Researchers indicate that formation of this code has a divine background. This belief has been given weight by presence of bas relief which show the code being handed down to the king by sun god known as Shamash (Sassoon, 33). This belief exists since Shamash is often associated with justice. Hammurabi’s code was set in columns fashioned horizontally forming what is commonly referred to cuneiform text or writing. This form of writing consists of writings set on one side, 16 in number, while the back was fashioned to consist of 28 columns (Sassoon, 36). The writing that makes up this code starts off with an explanation of restorative efforts meant to win back temples as well as cults within the Babylonian society (Sassoon, 37).
The code, which is made up of about 28 sections, was established from subsequent amendments to laws in existence during the Babylonian era, and was not established as stringent legal rules as most historians believe (Breazeale & Sholl, 12 ). As such, it was formulated in a manner that allows it to offer directions in relations to procedures to be followed while handling disputes.
Based on research, the code came into existence not as a version of current constitutions or Napoleonian laws. Therefore, it is most likely purpose was to assist Babylonian society find relief in that when a given individual experienced any form of injustice, such an individual would be accorded justice and wrongs righted appropriately (Breazeale & Sholl, 13). Furthermore, Hammurabi’s code was established as a form of reference for imminent leaders and such a code would be used to give guidance during rulings relating to provision of justice.
Researchers and historians believe that Hammurabi established these rules as a tactic applicable to ensure control of information as well as history that flowed from his jurisdiction (Breazeale & Sholl, 14). This belief stems from the fact that King Hammurabi constantly dealt with a lot of small disputes. Therefore, he established codes to help build a good image of himself to the rest of the world. He endeavored to show the rest of the world that he exercised justice.
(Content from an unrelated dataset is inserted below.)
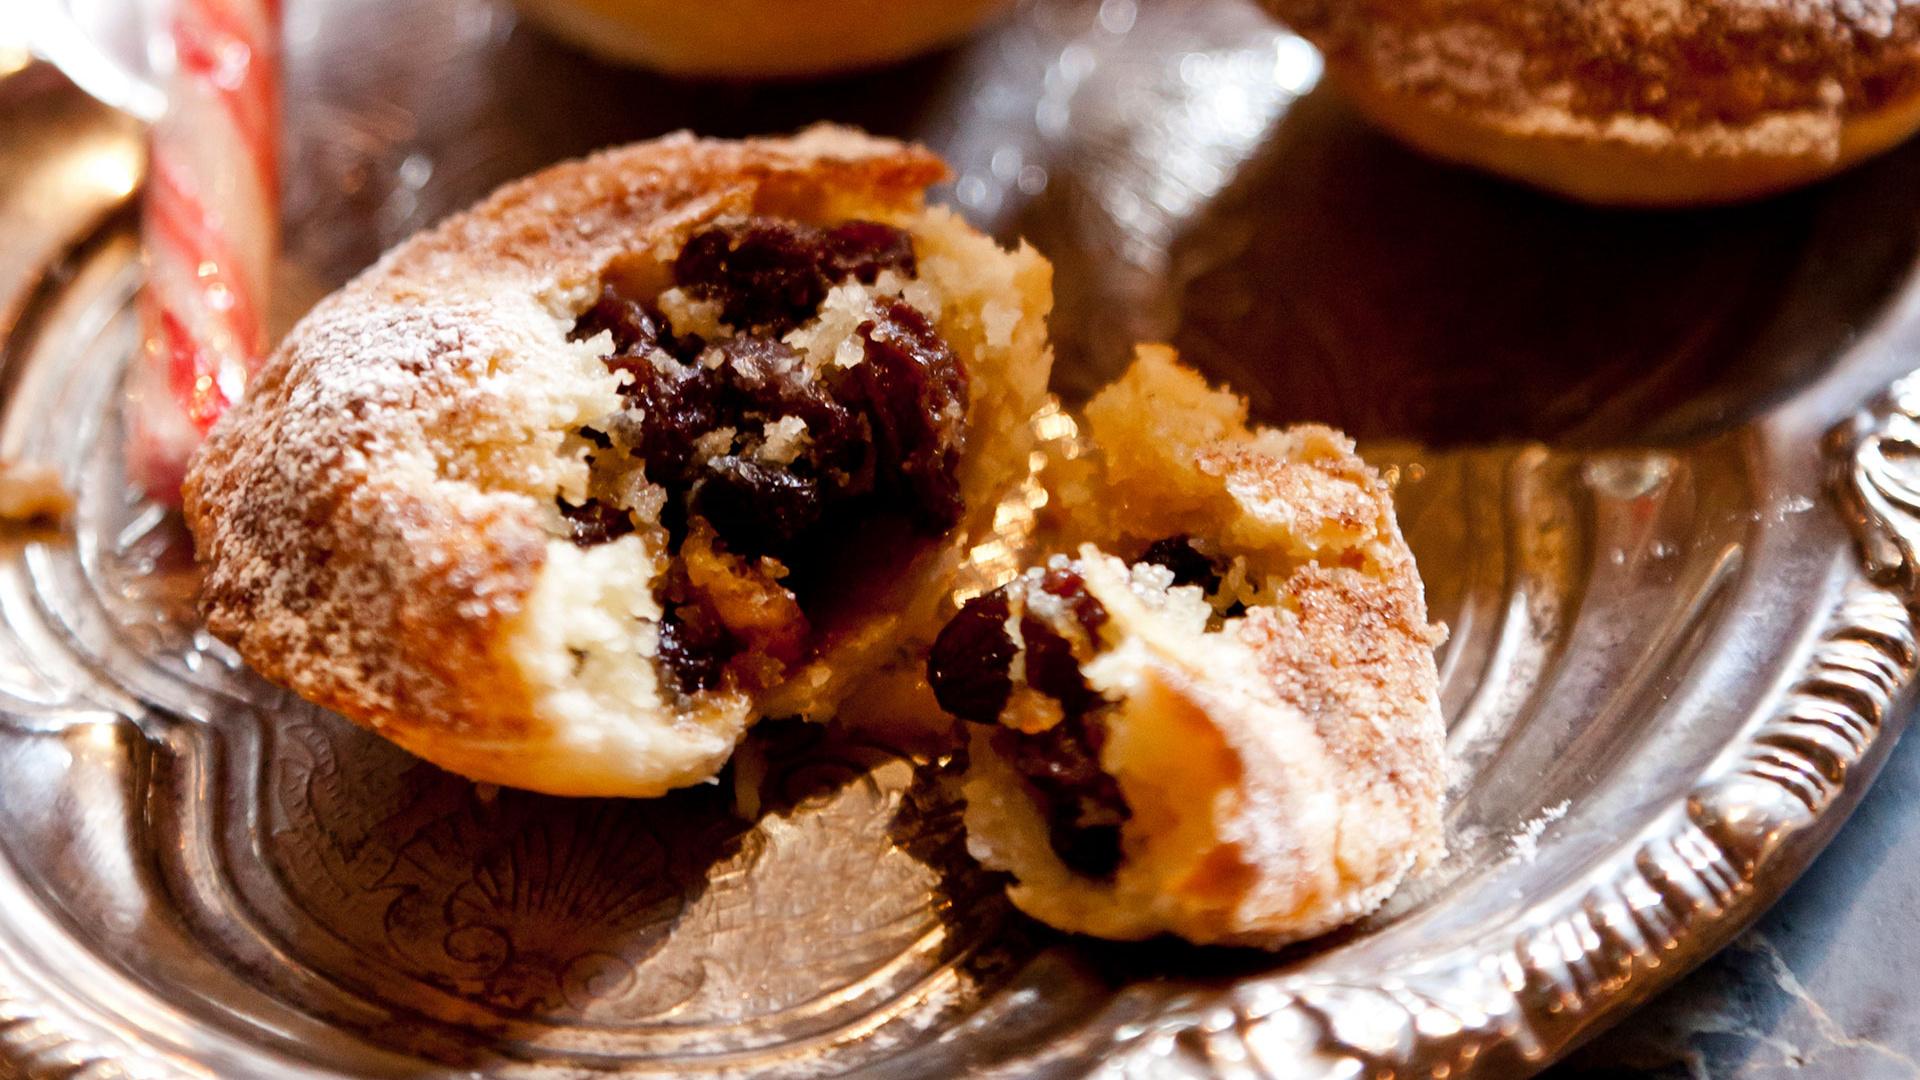 Chantelle Nicholson's frangipane mince pies

The most important reason that that necessitated creation of Hammurabi’s code was facilitate creation of rigid laws which would help address incidences of disputes within his society. This code became a vital tool to help ensure order (Breazeale & Sholl, 15). Prior to establishment of these codes, there lacked a system that would effectively bring people together. In addition, justice was meted out in a vigilante fashion. Establishment of these rules helped ensure that an individual would not be unjustly punished for minor crimes (Breazeale & Sholl, 16).
Hammurabi’s code may be considered an archetype in relation to current laws. Modern law provides for punishment for violations such as homicides and theft. As a result, although Hammurabi’s codes do not out rightly show a direct resemblance to contemporary law, there are common basics such as ensuring orderliness in terms of justice and individual rights. The code was adopted by general population as a guide without exceptions (Breazeale & Sholl, 17). Since Hammurabi’s code is the first and earliest law, contemporary laws have evolved from it which has been an archetype for subsequent laws.
Most scholars believe the code is not law by contemporary standards. This belief arises from the fact that the code, in their view, comprises regulations as well as ideas coined by Hammurabi while presiding over disputes (Breazeale & Sholl, 18). Since this code lack substantial fairness, later systems were established based on fairness and equality. Subsequent laws were developed with the purpose of providing protection to the society (Breazeale & Sholl, 19).